**Given records:**
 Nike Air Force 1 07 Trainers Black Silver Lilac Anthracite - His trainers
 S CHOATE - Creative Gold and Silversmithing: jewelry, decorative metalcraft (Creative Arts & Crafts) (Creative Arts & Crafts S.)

==

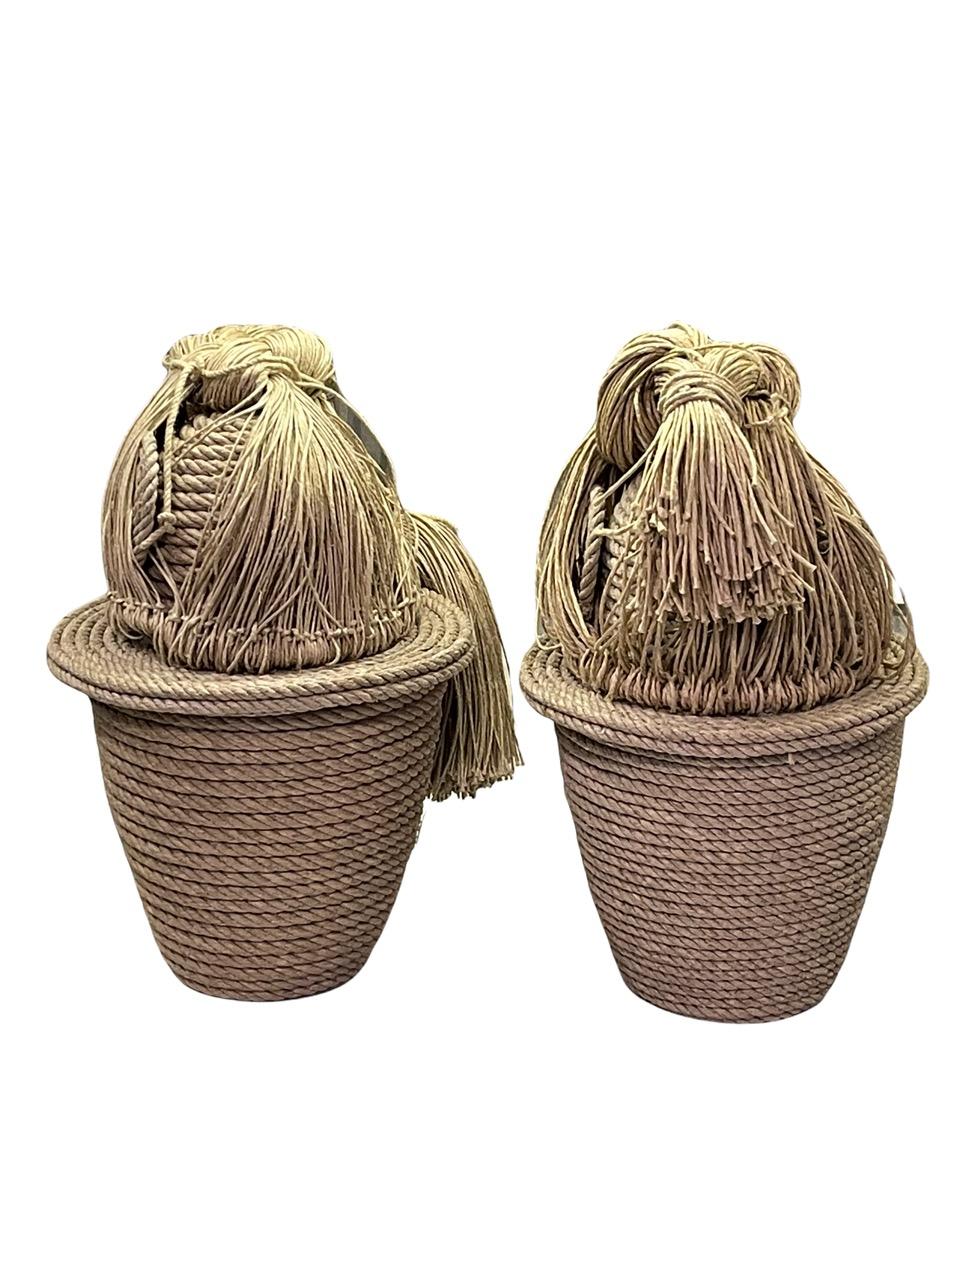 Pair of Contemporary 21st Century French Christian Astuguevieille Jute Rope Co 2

* * *

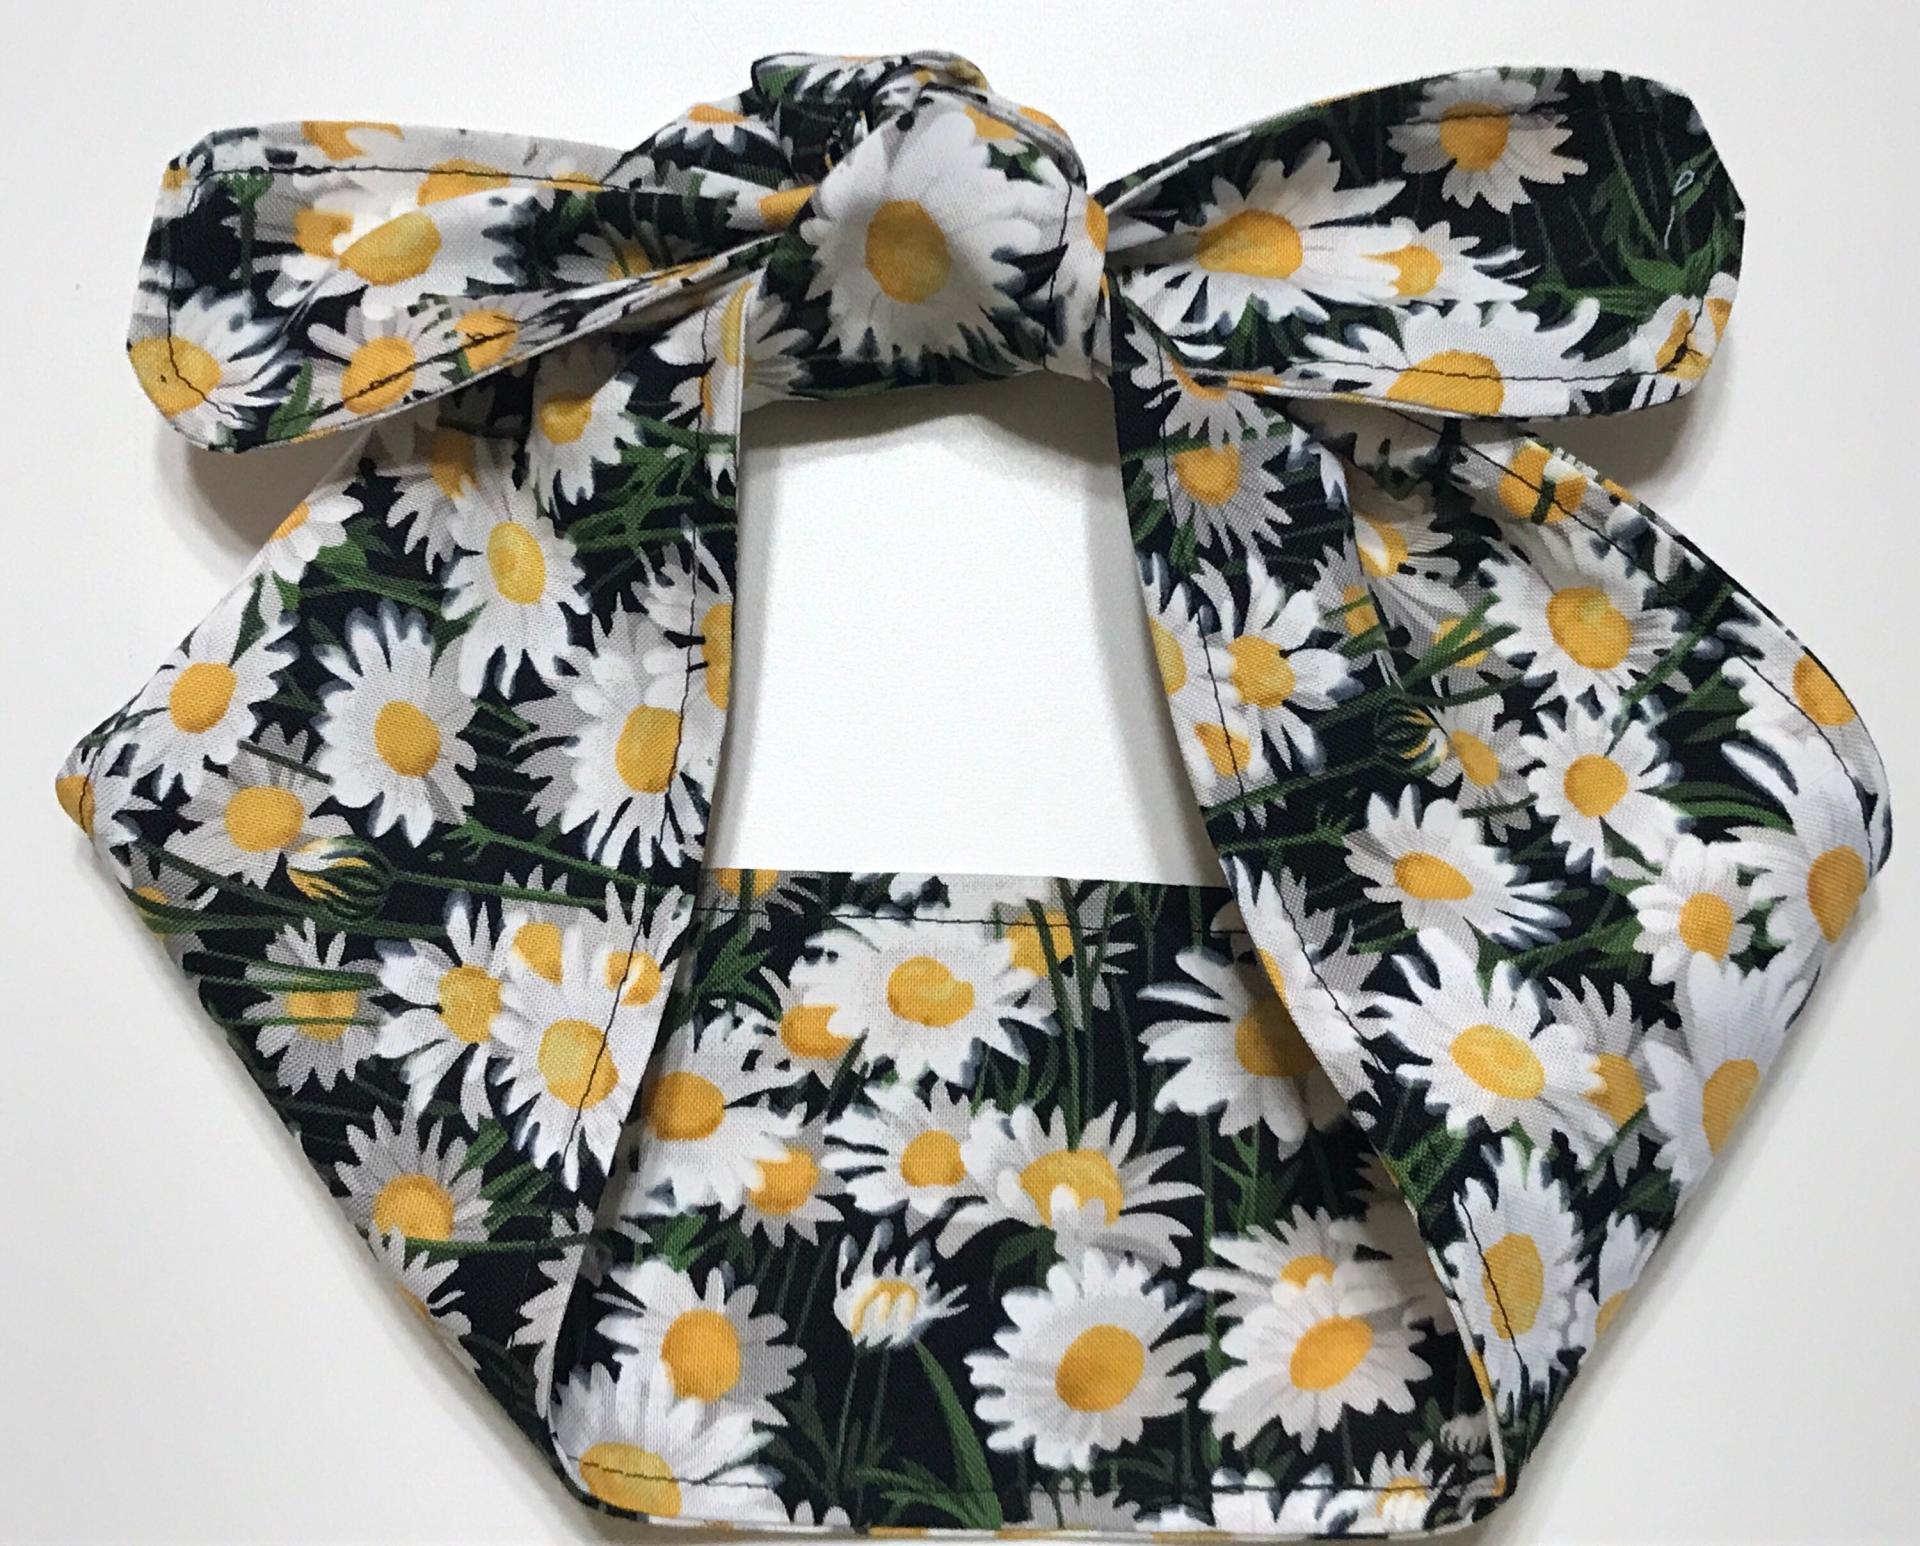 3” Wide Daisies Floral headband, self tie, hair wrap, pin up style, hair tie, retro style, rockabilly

**What is being asked:** Set down precisely the lines above between the line holding "Nike Air Force" and the line holding "S CHOATE - Creative", inclusive, and nothing beyond them.

**Written answer:**
 Nike Air Force 1 07 Trainers Black Silver Lilac Anthracite - His trainers
 S CHOATE - Creative Gold and Silversmithing: jewelry, decorative metalcraft (Creative Arts & Crafts) (Creative Arts & Crafts S.)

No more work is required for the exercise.